LAHORE: Gold has climbed to levels few imagined possible, quietly reshaping behavior across Pakistan’s jewelry markets. On Wednesday, spot gold surged to a record $4,641.40 an ounce, driven by worsening geopolitical tensions, economic uncertainty, and expectations that the US Federal Reserve will cut interest rates. Gold, which does not offer interest income, historically performs best when rates are low and uncertainty is high, making it a natural refuge for nervous investors.


That logic is now playing out in Pakistan as well. 


In the local market, gold recently touched Rs 481,000 per tola (11.66 g) before easing slightly on Thursday as global prices pulled back.


International prices fell by $37 an ounce to $4,601, ending a three-day rally. Locally, 24-carat gold dropped by Rs 3,700 per tola to Rs 482,462, and by Rs 3,172 per 10 grams to Rs 413,633.


Even after the correction, prices remain near historic highs, and that, jewellers say, has fundamentally altered who buys gold, how they buy it, and why.


The role of gold

For decades, gold in Pakistan has served two roles: cultural and financial. It is both a wedding essential and a store of value. But today, those two functions are diverging.


Faizan Hanif, Director of Hanif Jewellers, told Pakistan TV Digital that gold demand has increased significantly because it acts as a safe haven. 


"People are buying more gold rather than selling, using it as a hedge against inflation shocks and as a superior asset for better returns compared to other options in the country."


Dahim Sheikh, co-owner of Sonica Jewellers, explains that demand has not disappeared but has shrunk. 


“Gold has surged by about Rs 100,000 in a year, but it has not stopped wedding customers. If there were 10 customers before, there are still 10 now. What has changed is weight. Those who used to buy 10 tolas now buy eight. Volume is the same, but weight is lower.”


In other words, people are still coming, but they are buying less gold per visit. Cultural obligations like weddings still require jewelry, but rising prices force families to compromise on quantity.


Sheikh says bullion demand has jumped. 


“People who already had bullion are now converting it into jewelry, and new buyers are entering bullion trading. Gold is now seen more as an asset than an ornament.”


Buy gold or artificial jewelry?

But for many households, even reduced purchases are becoming unaffordable.
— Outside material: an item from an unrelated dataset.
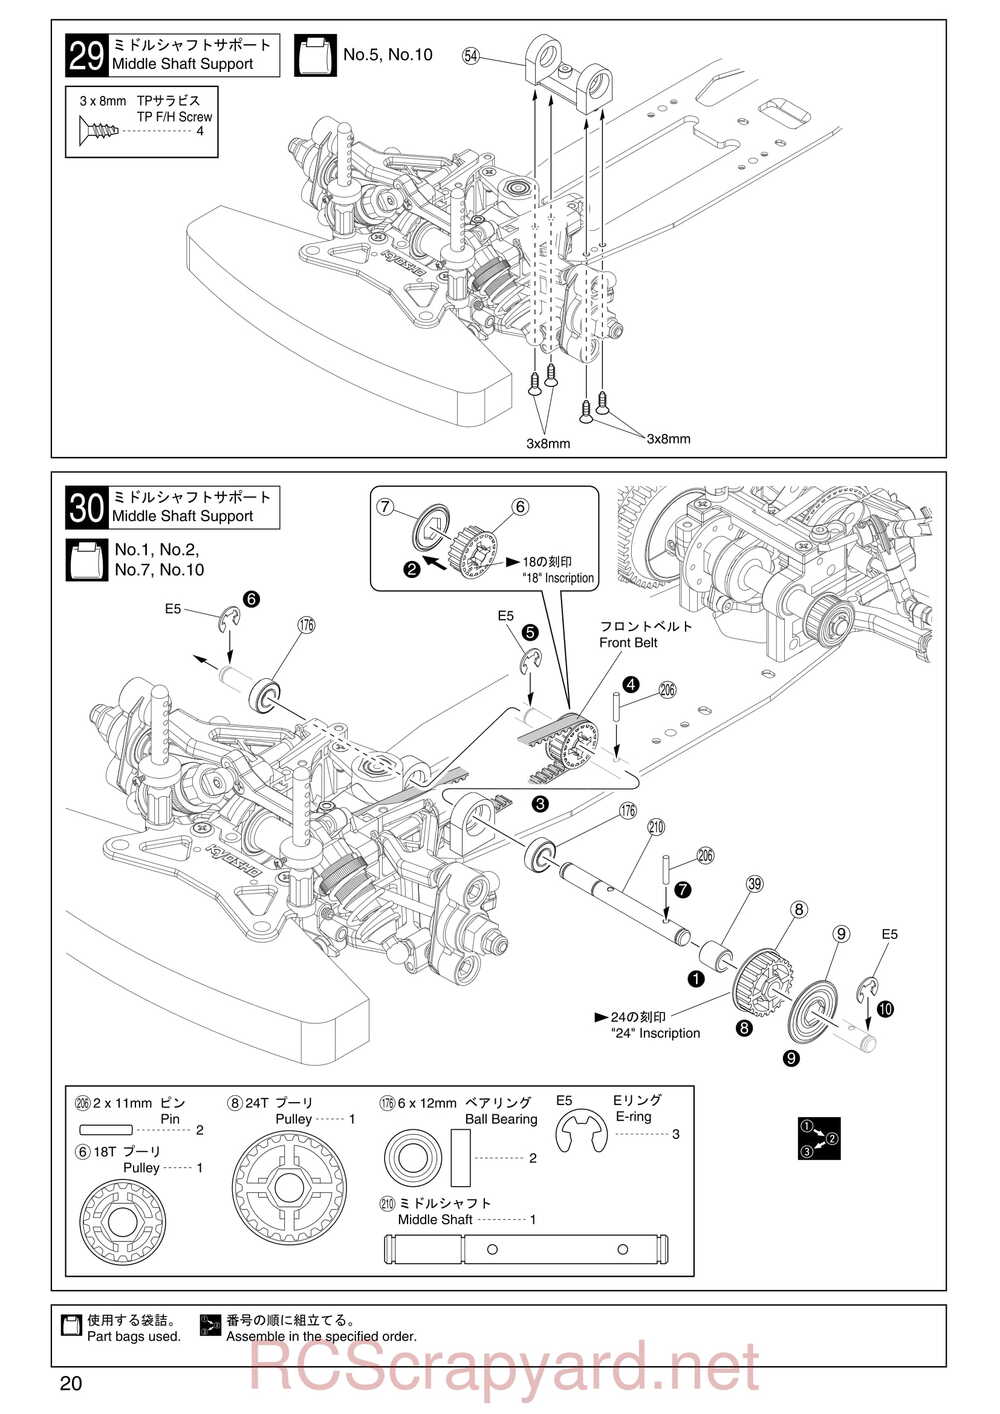 Kyosho - 31257 - V-One RRR Rubber - Manual - Page 20

Amir Iqbal, owner of New Iqbal Jewellers at Lahore’s Liberty Market, describes a very different trend unfolding at the retail level.


“Customers now mostly bring in old jewelry passed down by grandmothers to get it repaired, polished, or slightly redesigned. Earlier, people used to save and buy two, three, or five tolas. Now, many cannot even afford one.” He noted that people are now buying artificial jewelry or resorting to silver to make jewelry.


Instead of buying new sets, families are recycling old ones, refreshing inherited jewelry rather than adding new weight. The effect, Iqbal says, is visible across the trade. 


“Jewellers who used to make three-tola sets now make one-tola sets. The impact is definitely there. Traditional demand is slowing.”


What is emerging, then, is a divided gold market. On one side is investment demand, rising with every bout of geopolitical tension, currency uncertainty, or interest rate speculation. For this group, gold is not fashion or tradition; it is insurance.


On the other side is consumption demand, increasingly constrained by affordability. Weddings still happen, traditions still hold, but households are adapting by buying less, reusing more, and delaying purchases where possible. The result is a paradox: record prices alongside shrinking accessibility. Gold is shining, but not for everyone.